Eyelid surgery, or for that matter any surgery, would be too painful to perform without anaesthesia. In this blog I’ll discuss the common levels of anaesthesia offered for different types of eyelid surgery.
There are generally three levels of anaesthesia - local, sedation (twilight), and general:
- Local is similar to what most dentists will administer. It involves injecting numbing medicine at the area to be operated on.
- Sedation involves intravenous medications that alter a person's state of consciousness. Sedation will not require a breathing tube and is quicker to recover from.
- With general anaesthesia the patient is completely asleep. This technique requires a breathing tube and intensive monitoring.
Eyelid surgery can be done with any of the three types of anaesthesia. For a ‘skin only’ upper eyelid surgery, local anaesthesia is adequate. Upper eyelid and lower eyelid surgery that is more complicated, often involving more aggressive fat or muscle work, is more likely to require general anaesthesia.
What are the risks and benefits for each level of anaesthesia?
The patient’s history and tolerance are critical factors.
Local anaesthesia eliminates any pain sensation, while at the same time minimising any bleeding during surgery. However, the patient will feel the injections of the anaesthetic and there is a risk of moments of pain during surgery, which will prompt the surgeon to inject more to provide relief. Some patients (10-15%) are resistant to the effects of local anaesthetic. You have to be able to lay still to have eyelid surgery with only a local anaesthetic. If you have coped well with dental procedures then you probably will be fine with a local for eyelid surgery provided it is short procedure..

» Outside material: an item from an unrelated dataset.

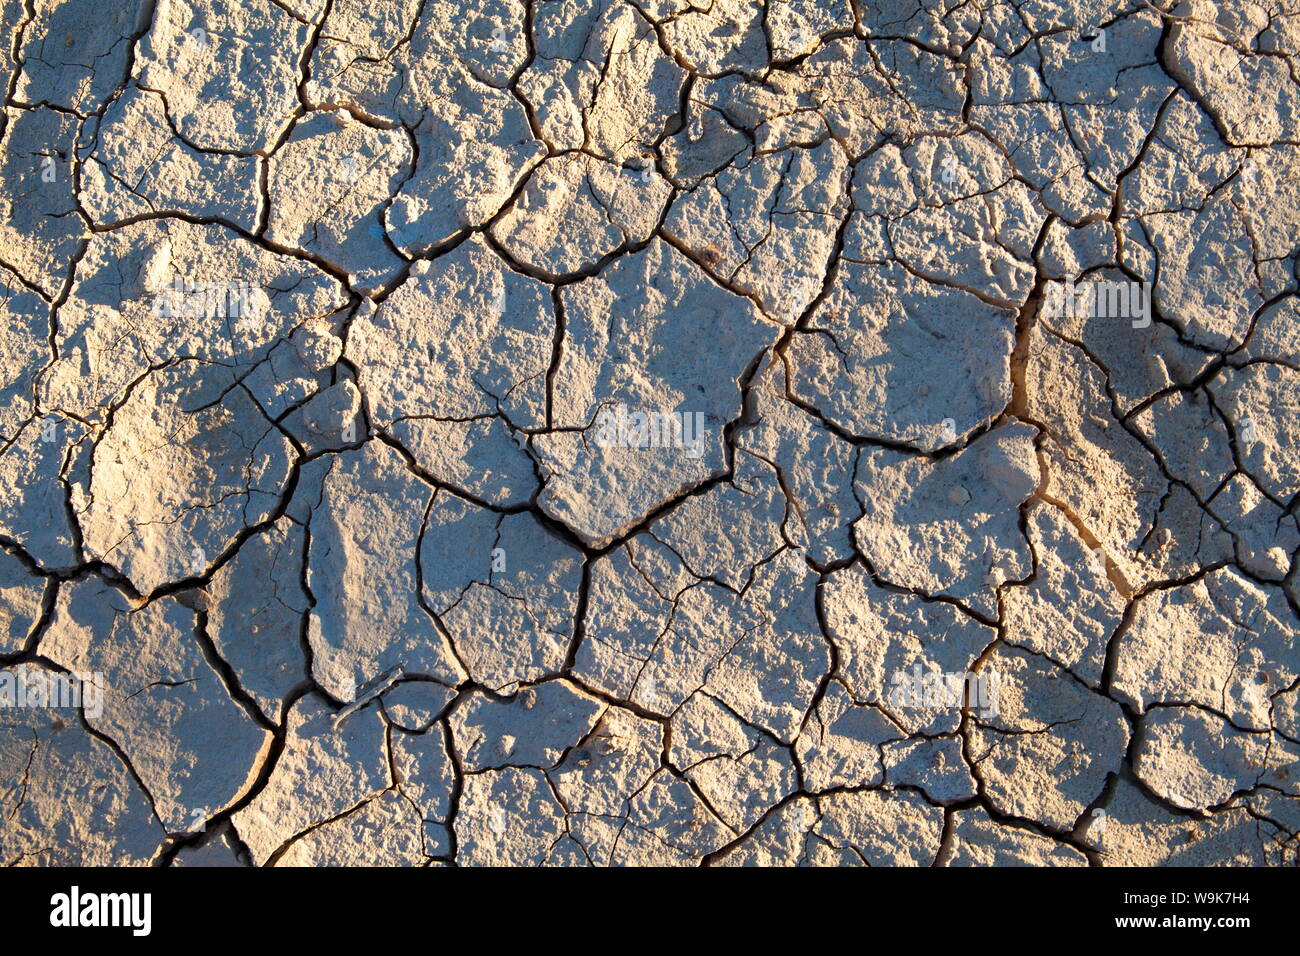 Dried mud/cracked earth at Sossusvlei in the ancient Namib Desert near Sesriem, Namib Naukluft Park, Namibia, Africa Stock Photo

Patients who are unusually sensitive, anxious or fidgety may require sedation in addition to the local anaesthetic. This relaxes the patient and eliminates any discomfort while the local anaesthesia is being injected. Sedation makes surgery a lot more comfortable without placing a tube in your throat to help you breathe.
Some surgeons prefer general anaesthesia for eyelid surgery. Patients having eyelid surgery under local can have an increase in blood pressure if particularly nervous. This increase in blood pressure causes an increase in bleeding which clouds the operative field and makes the surgery more difficult. When having surgery with general anaesthesia you will have absolutely no pain during surgery and have no memory of the entire process. It is the most comfortable option. Nausea and vomiting may be encountered by patients but with the help of medications this is completely avoided. The anaesthetist is able to monitor you beat by beat during surgery, making it very safe. It is important that patients are screened for possible heart problems prior to surgery.
The preoperative workup of a patient for blepharoplasty is important in assessing the anesthetic and surgical risks to a patient. Patient comfort and safety should be the top priorities. With a skilled surgeon and anaesthesiologist you should be pain free, have a quick recovery and be completely safe.